Someone help me - has Ryan Reynolds ever been in a good movie? Blade:Trinity, The Amityville Horror and now Smokin' Aces, a nasty,brutish but sadly not short movie that isn't remotely as funny or as thrilling as it thinks it is. And it can forget about stylish either.
Writer-director Joe Carnahan's bid to give the movie style is its biggest problem; an essentially simple story of the FBI, skiptracers and assassins all after a Las Vegas entertainer-turned-snitch (Jeremy Piven) is subjected to endless stretching out, fantastically annoying touches - way too many connecting scenes have one sentence carried over to another, there are far too many characters and too few of them given any room to grow, and moments that want to be quirky but just grate (why do we have to see Jason Bateman wearing women's underwear? What is the point of a small boy giving karate chops and getting an erection?)- and utter, utter stupidity; Smokin' Aces is the kind of movie where three bad guys who look like a punk rock group manage to get into a hotel without anyone seeing them.
Meanwhile, while Carnahan's indulging himself (note how many of the scenes go on longer than necessary, like Matthew Fox's cameo) the movie's few moments of interest are lost, and the actors are left struggling with their receptacles for profanity - as opposed to proper characters. All of which makes the movie both hypercharged and boring; it just doesn't matter whether or not they get to Piven's character,you just find yourself wanting to say "Oh for goodness' sake just END already." On the upside, Ennio Morricone gets put to some nice use, Ben Affleck is pretty good in his glorified cameo, and Alicia Keys does quite well as a sultry lesbian assassin. (Her contribution is entirely acting-related.) The movie's ultimate payoff would also probably be more effective had the movie been shorter, or better developed.

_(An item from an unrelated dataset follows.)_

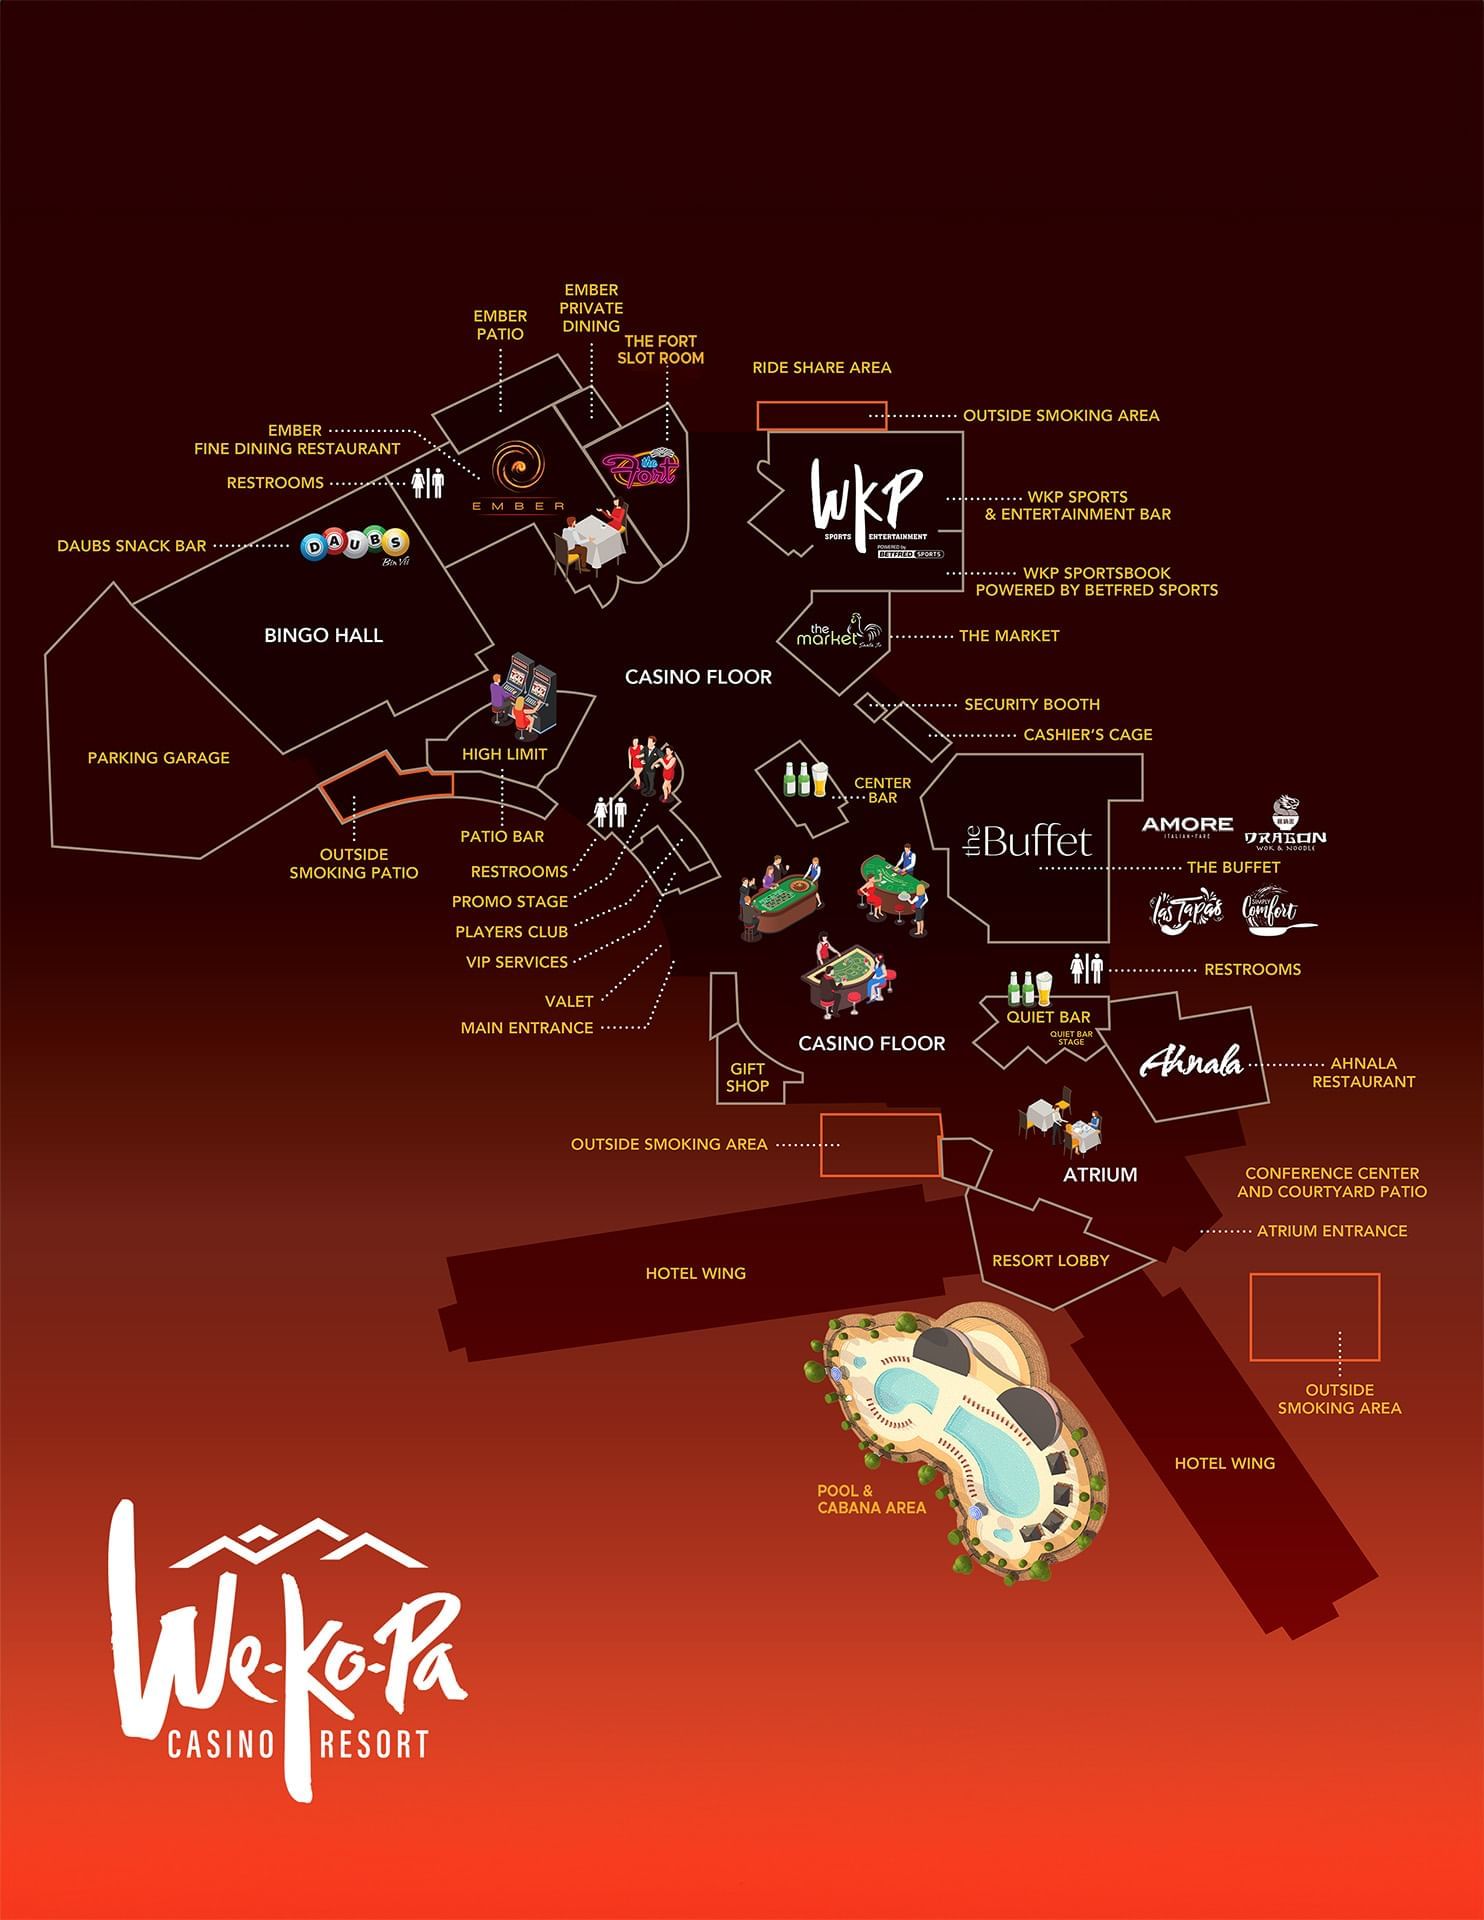 We-Ko-Pa Casino Resort Property Map

Janet Edwards as "Naked Prostitute" is nice as well.
But basically all this movie is is, as Chief Wiggum once said,"Lots of flash - no depth." And it has to be said - Ray Liotta has a complexion like an uncooked Yorkshire pudding. (Oh, and what the hell kind of accent is Andy Garcia using?)

S! A! T-U-R! D-A-Y! Er... Morning?

Cindy: Casino Royale getting all the Oscar nominations it deserves.

Feltz: The inevitable tabloid buzz over a British Invasion. Forgotten what happened the last time someone claimed the British are coming? (If Penelope Cruz wins I'll take a page from Bruce Willis in The Last Boy Scout and dance a jig.)

Cindy: The thought that some sucker who
bet three thousand pounds that Craig would get an Oscar has gotten burned beyond recognition. (Fact: Thunderball is the only Bond movie to ever win one.)

Feltz: Lily Allen and Natasha Bedingfield being reported as "refusing to change for America." So they're still crap, I take it.

Cindy: Abbey National only taking £50 out of my account next month for overdrawings. On pay day. By my standards, that's dodging a bullet.

Feltz: My Auntie Joanie giving Sharon and Mum grief over land in the family. Let's just say I have the same warm feelings for her that Jen has for her mum and leave it at that.

Cindy: SNOW! It never snows at Christmas, but it does in January. Snow is rain with sex appeal. Snow makes nights brighter. Snow is soothing. I like snow.

Feltz: It might wind up like a few years back when six inches fell and turned getting home into a freaking nightmare. Not so much fun.

Cindy: Erica Campbell. Just because.

Sunday, January 21, 2007

El movie

C/O The Bilson freak, with cheers to Varese Sarabande for releasing the score CD to Snakes on a Plane next month, and jeers to YouTube for pulling certain Erica Campbell and Hayden Panettiere videos before I could see them. Blast their violations of use policies.

1. Name a movie that you have seen more than 10 times.
Do Tom & Jerry cartoons count as movies? Seriously, I think Back to the Future might qualify.

2. Name a movie that you’ve seen multiple times in the theater.
Well, I had to sit through Breakin' 2: Electric Boogaloo at the cinema by myself and at the drive-in when my dad took us to see it, but the only real example that counts is Beauty and the Beast (I went to see it at a special Saturday morning showing at the Globe, and then when it got a rare regular engagement there as a leading feature - rare for a cartoon in those dim days of the early 1990s in Barbados - I went to see it again).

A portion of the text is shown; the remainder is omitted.